My Burst Feature Wish List

Mortuus17 · Jan 7, 2022

Disclaimer: I claim to be a power user of Burst, using every single feature on a regular basis which aid in optimizing small and large functions alike, which enables me to abstract them away in order to reuse them, while knowing that the code gen will be fantastic. Burst has come a long way, particulaly with Intrinsics and, more recently, the
Constant.IsConstantExpression<T>
compiler features. YOU ARE DOING GREAT WORK!
But there are a few things that I - as a power user - would still like to have, which I have compiled in the following list.

1:
TResult ForceCompileTimeEvaluation<TParams, TResult>(Func<TParams, TResult> code, TParams parameterObj)
This comes from a bug report I submitted, where a pure function with constant arguments that contained 4 if statements was constant evaluated but not when I added a fifth if statement - which was very frustrating. This issue has not been fixed yet, although I was told that it should be fixed with Burst 1.7. I can live with that - maybe that will be fixed with the next one
But why did it have 4 and then 5 branches? Because it was originally a loop, which I tried to force to be evaluated at compile time, since I know that that particual loop can only run for let's say up to 32 iterations, whereas a compiler cannot, necessarily (the Halting Problem). Please give us a way to pass code and parameters into a Burst specific function that evaluates that code before passing it to LLVM. This would be both a huge performance and productivity gain! This is by far my most requested feature - as the newer C++ versions have it built into the language.

2: Compile time access to
FloatMode
and
FloatPrecision
With Intrinsics we have static readonly properties like
IsAvxSupported
which always return false in C# land. Can we also have similar properties that return the current
FloatMode
and
FloatPrecision
, please?
Why? Let's look at some code:
x * math.rsqrt(y)
with
FloatMode.Fast
compiles to what you would expect in X86; An SSE rsqrt instruction followed by some Newton-Raphson and a multiply. At
FloatMode.Strict
, it is... strict and performs an SSE sqrt FOLLOWED BY A DIVISION AND A MULTIPLICATION, whereas my intent was that in that case it would divide x by the square root of y, only.
There is no use in abstracting away anything that calls
math.rsqrt
or
math.rcp
in its own function, when the code has to be rewritten for each job, depending on the
FloatMode
. And maintenance is a nightmare, in case one changes the
FloatMode
and cares about even minimal changes in performance.
As a little teaser: It only gets worse with stuff like
float fourthroot(float x) => rsqrt(rsqrt(x));
vs
sqrt(sqrt(x))
And
FloatPrecision
is less important but can probably be done "while you're at it" (same goes for
OptimizeFor
). One example I know of that comes to mind is a recently published fast algorithm for the calculation of the inverse cube root, which comes with code for varying levels of precision. Again: writing it only once would be nice, with a fake switch statement in the function itself.

3: Support for generics -
typeof(T1)
==
and
!=
typeof(T2)
Another C++ compile time feature:
decltype
. It would be nice to be able to write generic (job) structs with the ability to compile time evaluate the type of the generic argument. Even in C# land
typeof(T)
is compile time evaluated

4:
[FieldOffset(0)]
for unmanaged generic types in structs
Consider the following simple union as an example:

Code (CSharp):

struct Union<T1, T2> where T1: unmanaged where T2: unmanaged

{

[FieldOffset(0)] T1 Item1;

[FieldOffset(0)] T2 Item2;

}

Currently this fails in Burst, where it says that an explicit
FieldOffset
is not allowed for generic types. Although I don't get why - can we make an exception for
FieldOffset(0)
specifially? (I see a pattern here -> ) It would be nice to only write the Union type once using generics.

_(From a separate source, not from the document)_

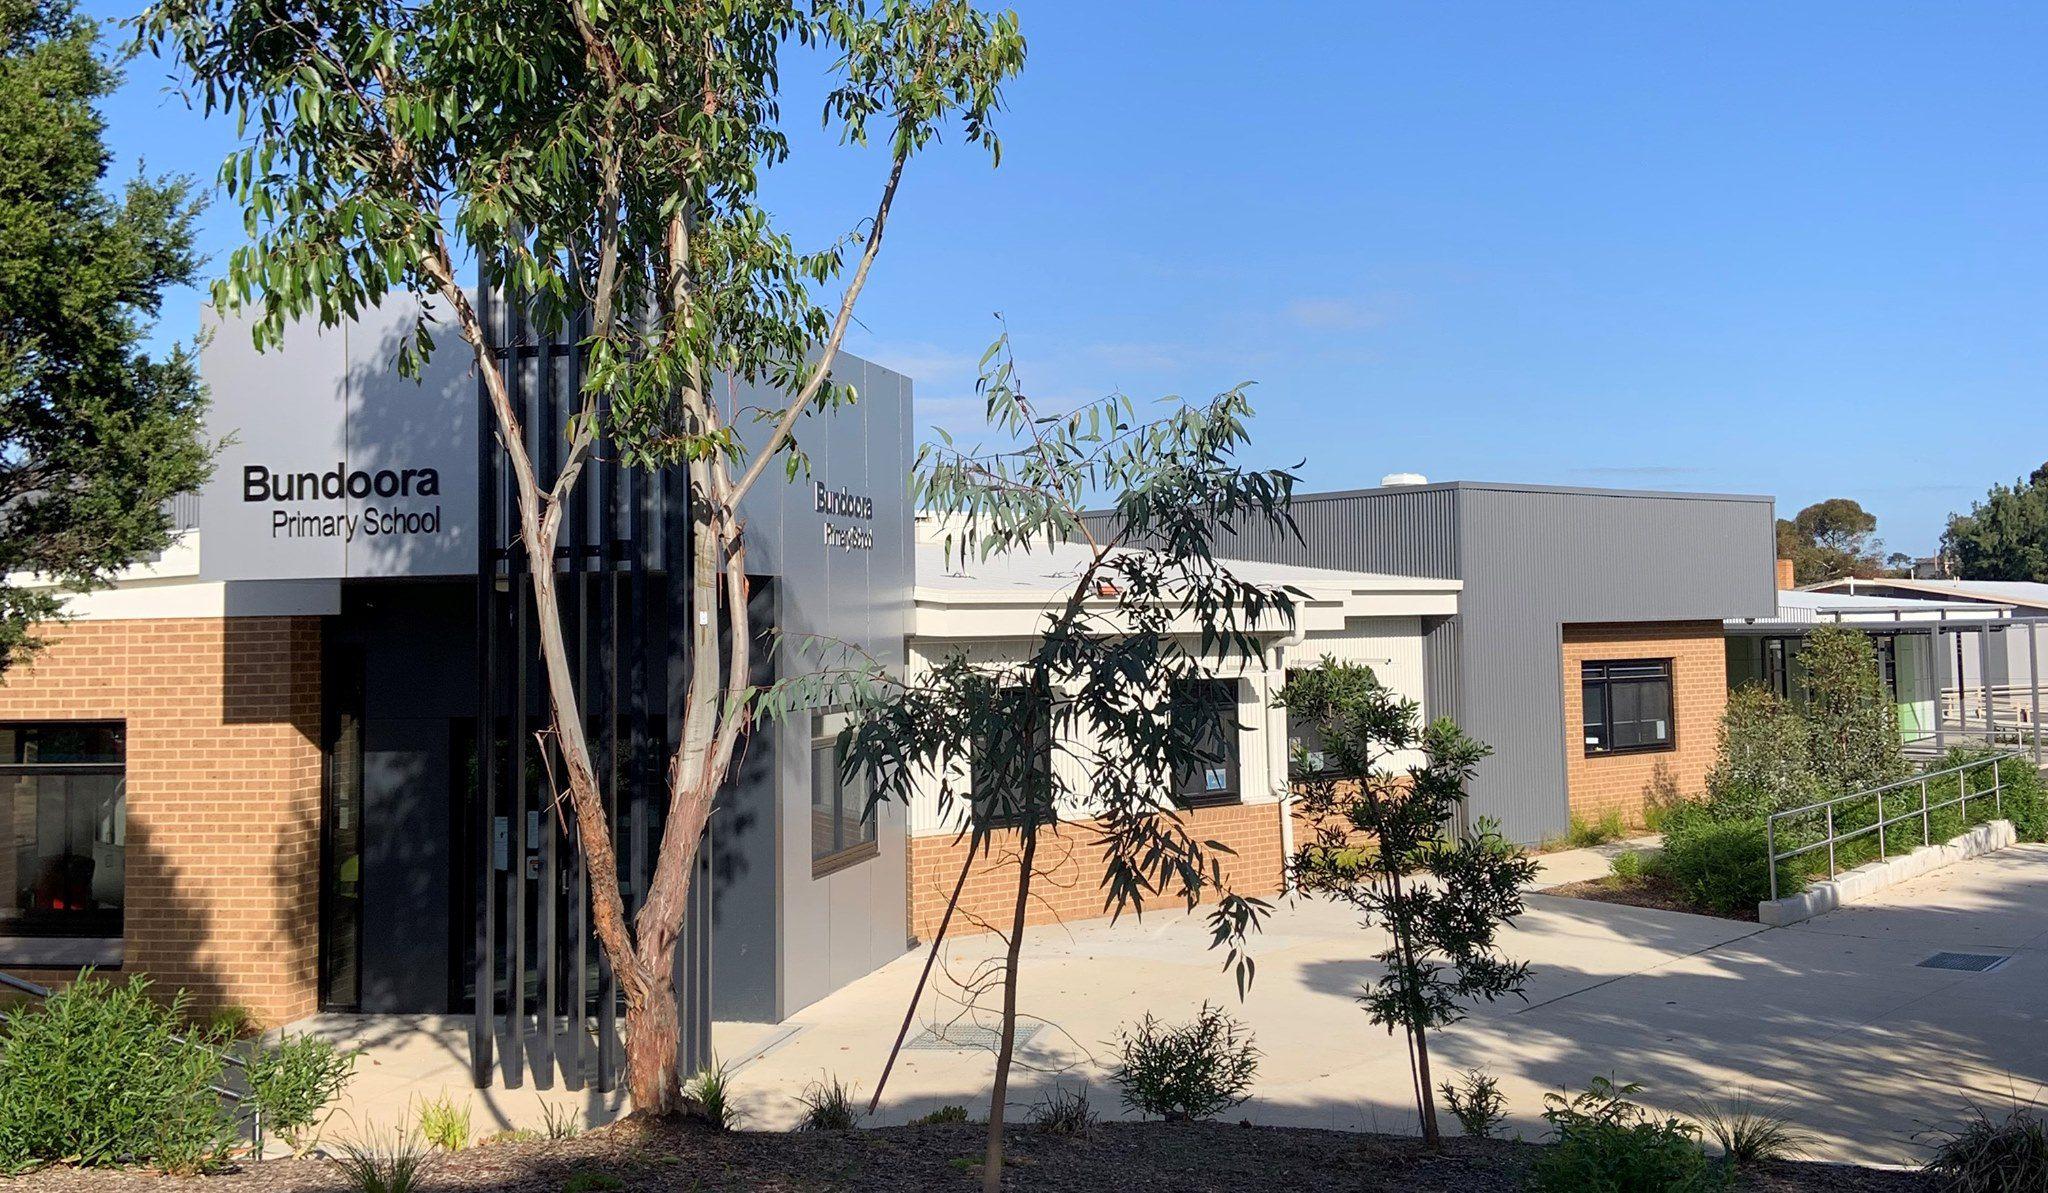 Entrance area - Bundoora Primary School

5: Questions out of interest:
5.1: Are there any plans on exposing more intrinsics? You have
umul128
but
imul128
would also be nice... And there are other nice... X86 instructions like let's say...
bit test
,
rdrand
/
rdseed
, but also LLVM instrinsics that read from the flags register (notoriously difficult to force otherwise)... And of course the big one: AVX512 (at least AVX512 foundation)!!! AMD Zen4 is now confirmed to support AVX512.
5.2: Any chance of inline assembly (as a string passed into a Burst function)?
5.3: Is there going to be a software implementation of ARM Neon intrinsics?
5.4: Are there any plans on intrinsics support for IL2CPP builds? - Meaning e.g.
IsAvxSupported
would appropriately evaluate to true or false during an IL2CPP build? After all, at the very least we know that every single X86-64 CPU supports SSE2.

6: Finally... Two rather small Questions regarding generated X86 code (you might or might not have any influence on)
6.1: Division of two non compile time constant Unity.Mathematics (u)int vectors is performed in a scalar fashion. Isn't int -cvt-> double -divide-> -cvt-> int 100% safe? At the very least it's faster, even if you have to convert 2 int4s to 4 double2s, for example.
6.2: In SIMD we have boolean masks being generated from comparisons - they're either all ones or all zeros. To convert such a mask to a C# boolX vector for storing it in memory, the code I've seen uses a mask of 0x01010101... which get's AND-ed with the SIMD mask. Isn't the "abs" instruction much, much better here? (100% no cache miss, also 1 clock cycle latency)
abs(0xFF)
is
0x01
This is a little too long but I hope that I didn't overwhelm anyone who read this. As a final note I can yet again only say that the Burst team, imo, does great work and is the very foundation DOTS is built upon. Thank you!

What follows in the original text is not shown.